• DATA BLOCK
────────────────
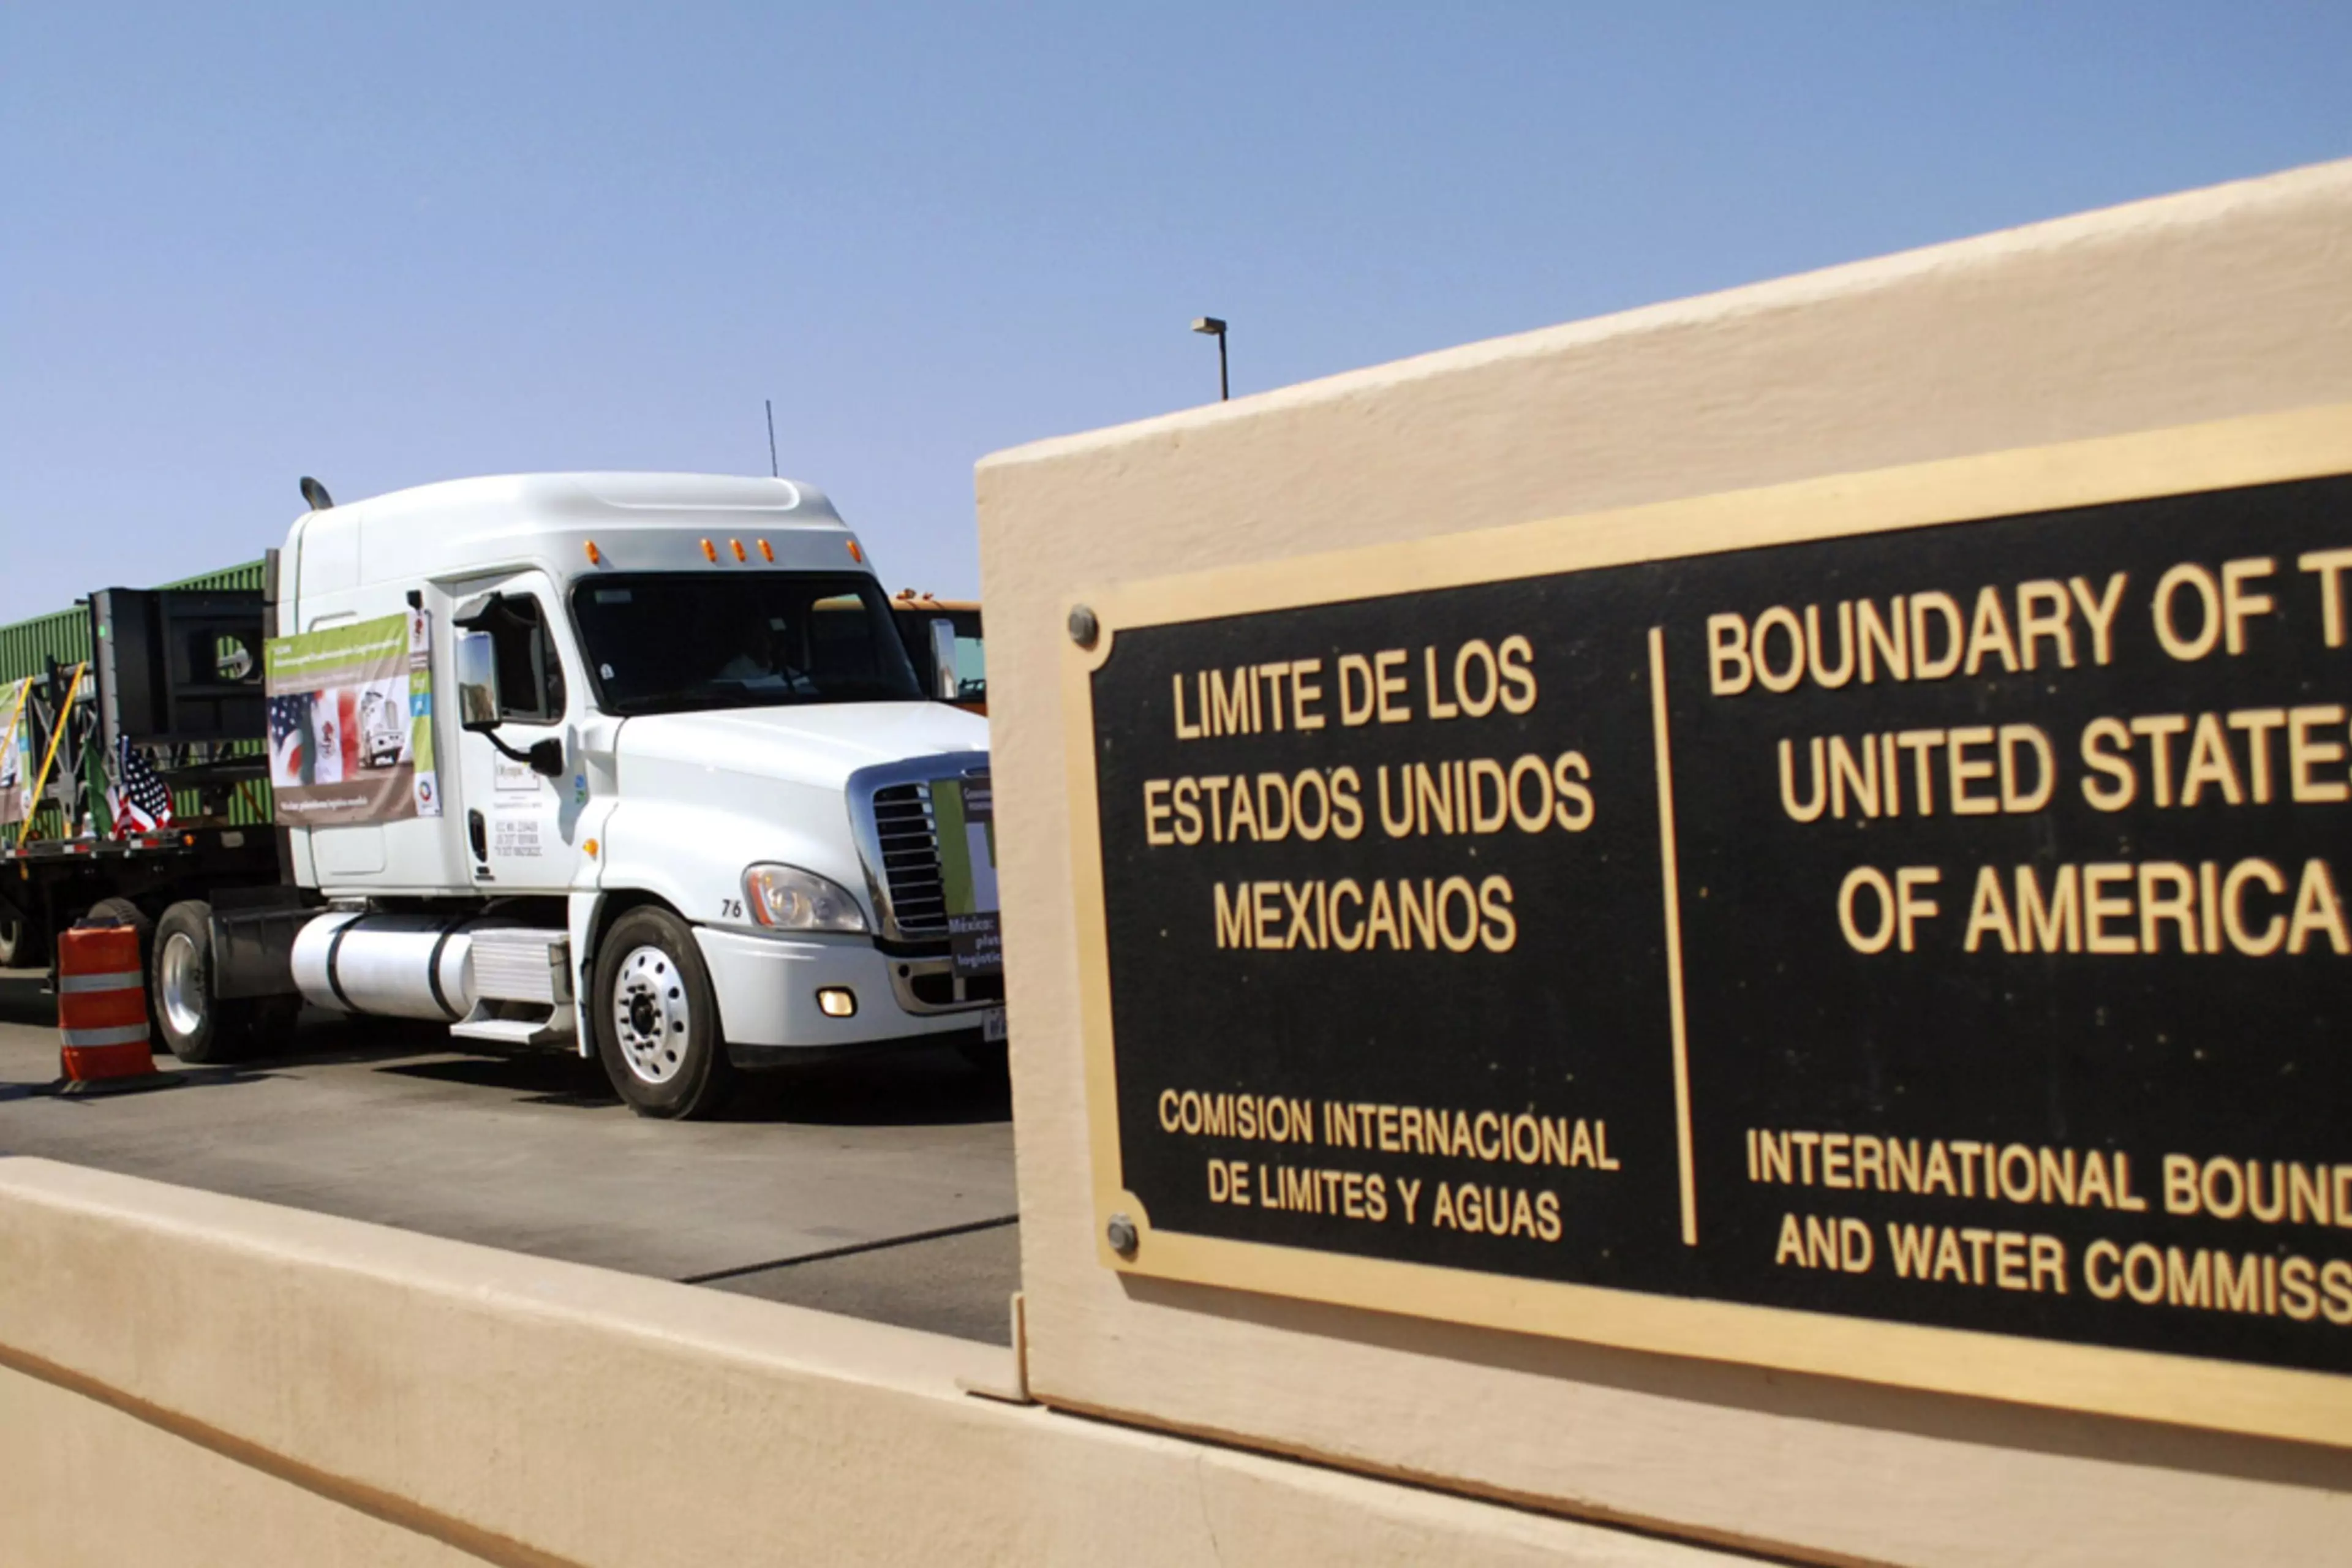 Mexican commercial trucks cross the border into the United States at Laredo, Texas.
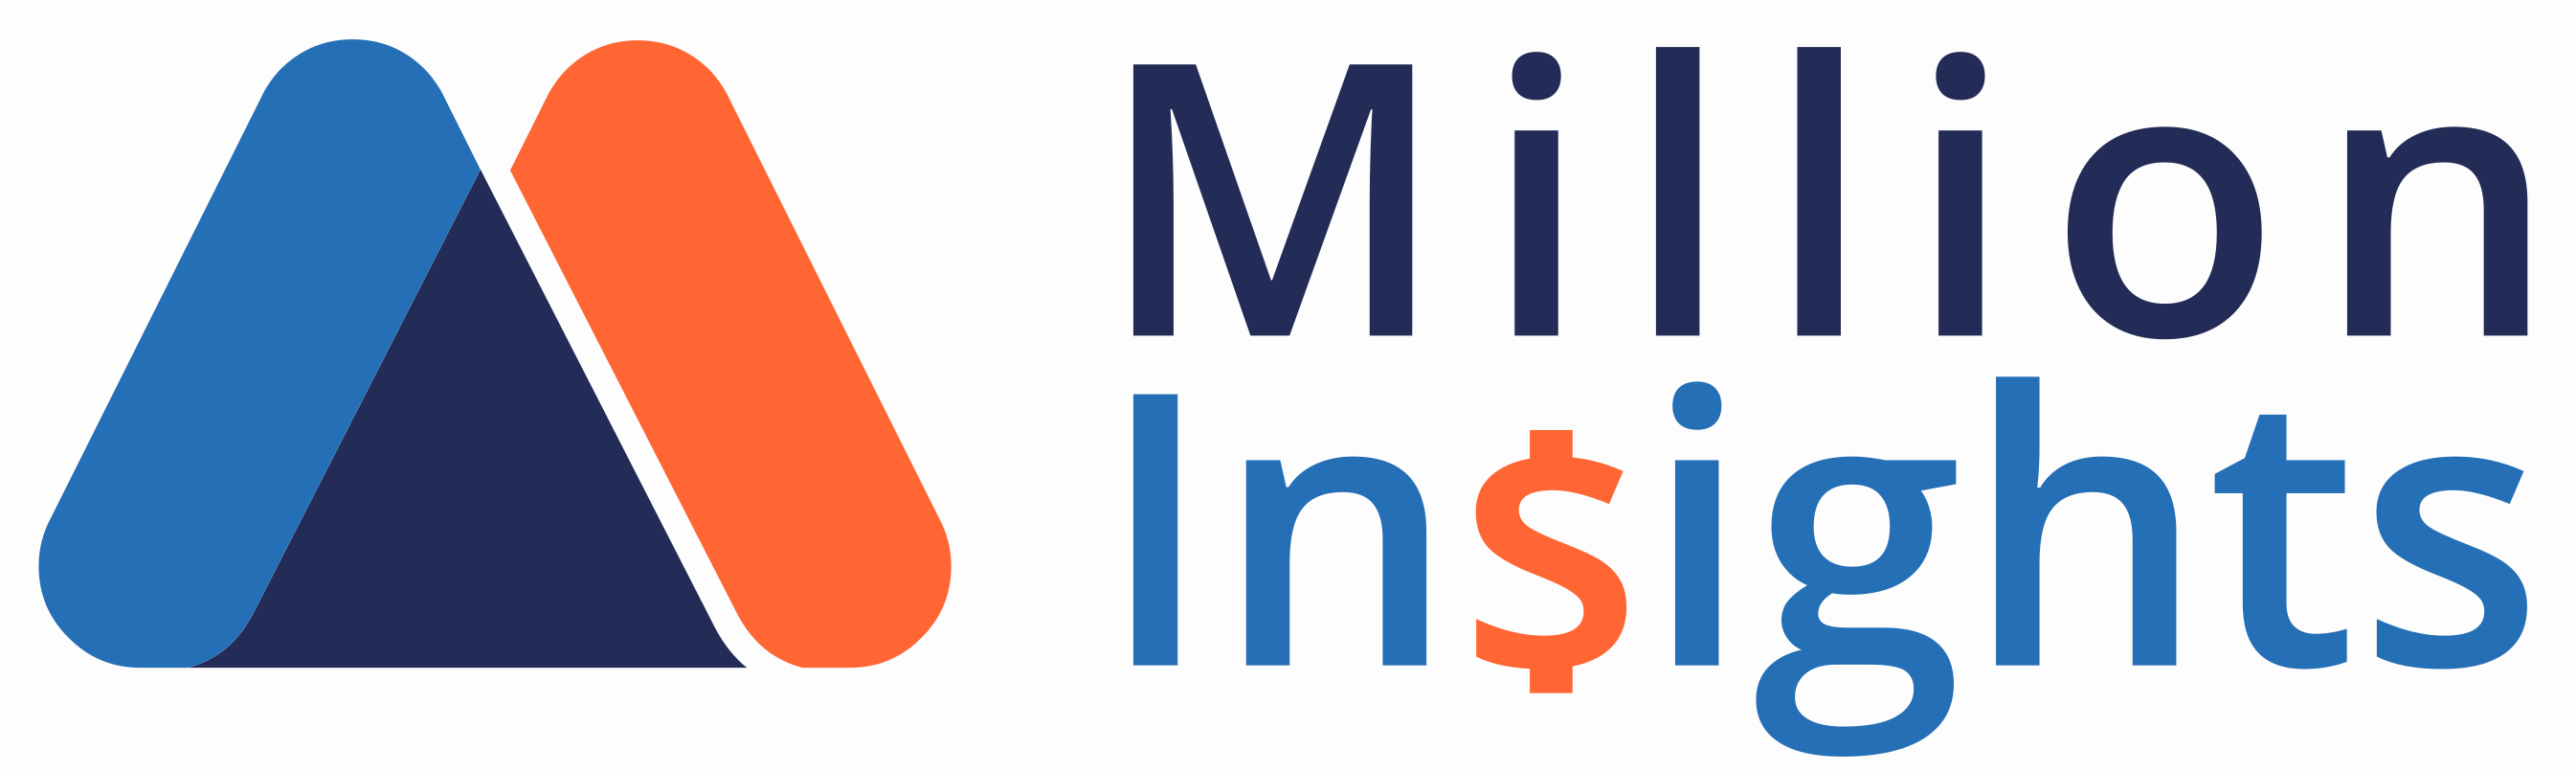 MiRNA Sequencing And Assay Market Will Approach A Healthy CAGR of 13.0% By 2028, Boosted By Rising Usage in Healthcare Business | Million Insights
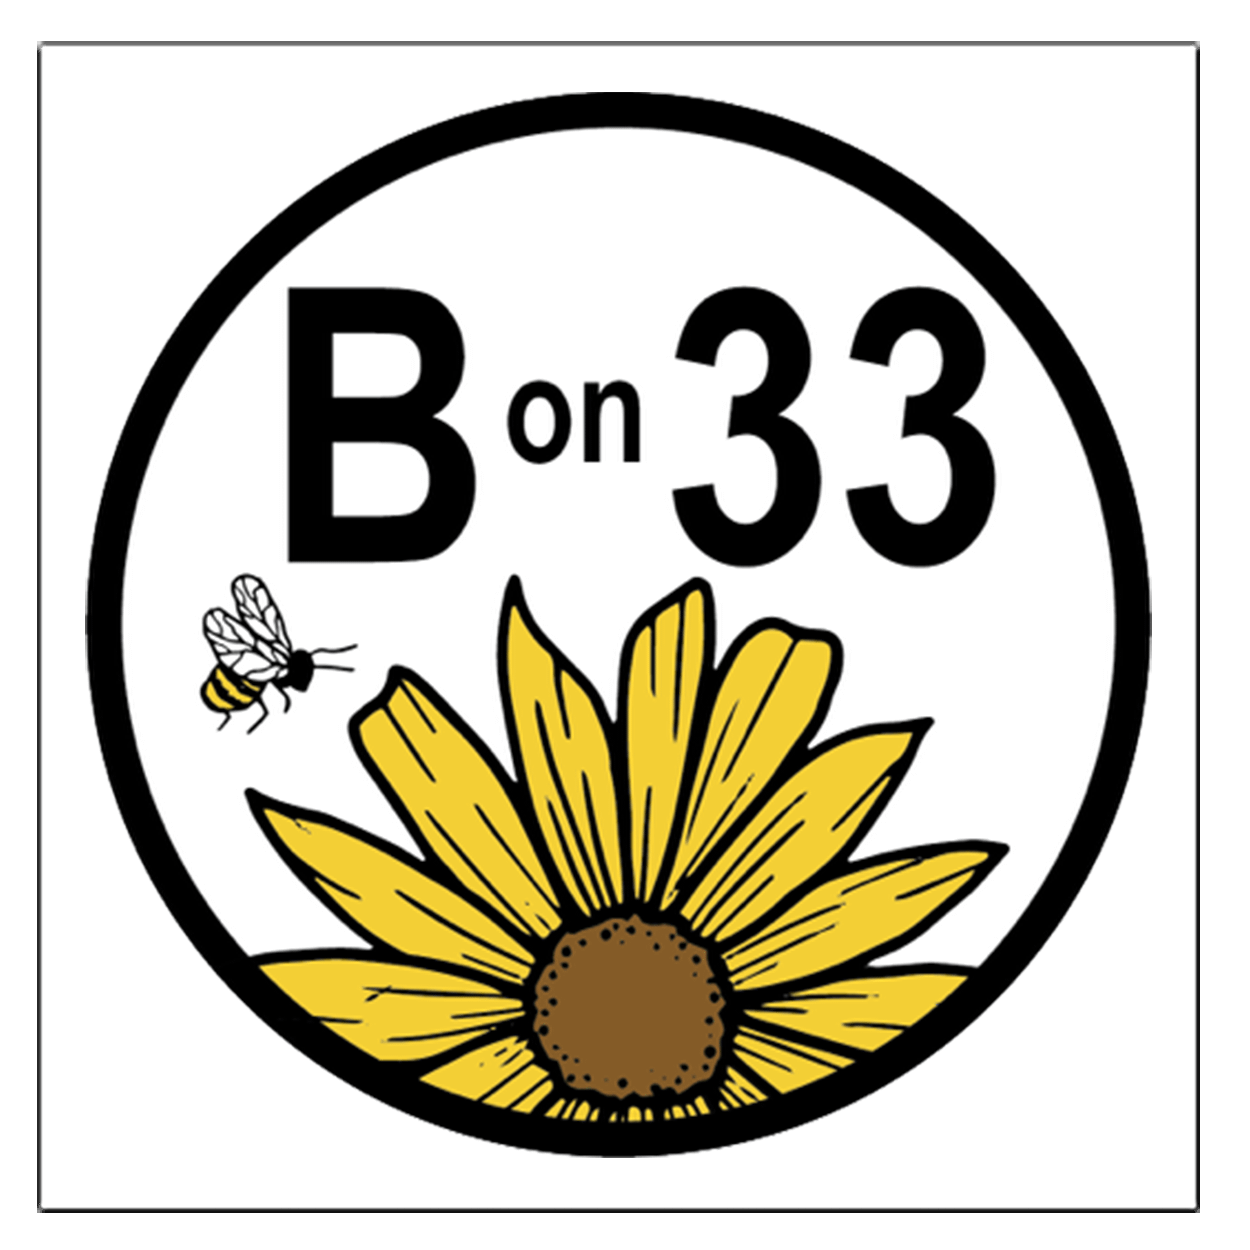 B on 33: Beautifying Our Byways
────────────────
• WORK TO BE COMPLETED
Leave out the pictures, then return every line of the data exactly.

• RESULT OF THE EXERCISE
 Mexican commercial trucks cross the border into the United States at Laredo, Texas.
 MiRNA Sequencing And Assay Market Will Approach A Healthy CAGR of 13.0% By 2028, Boosted By Rising Usage in Healthcare Business | Million Insights
 B on 33: Beautifying Our Byways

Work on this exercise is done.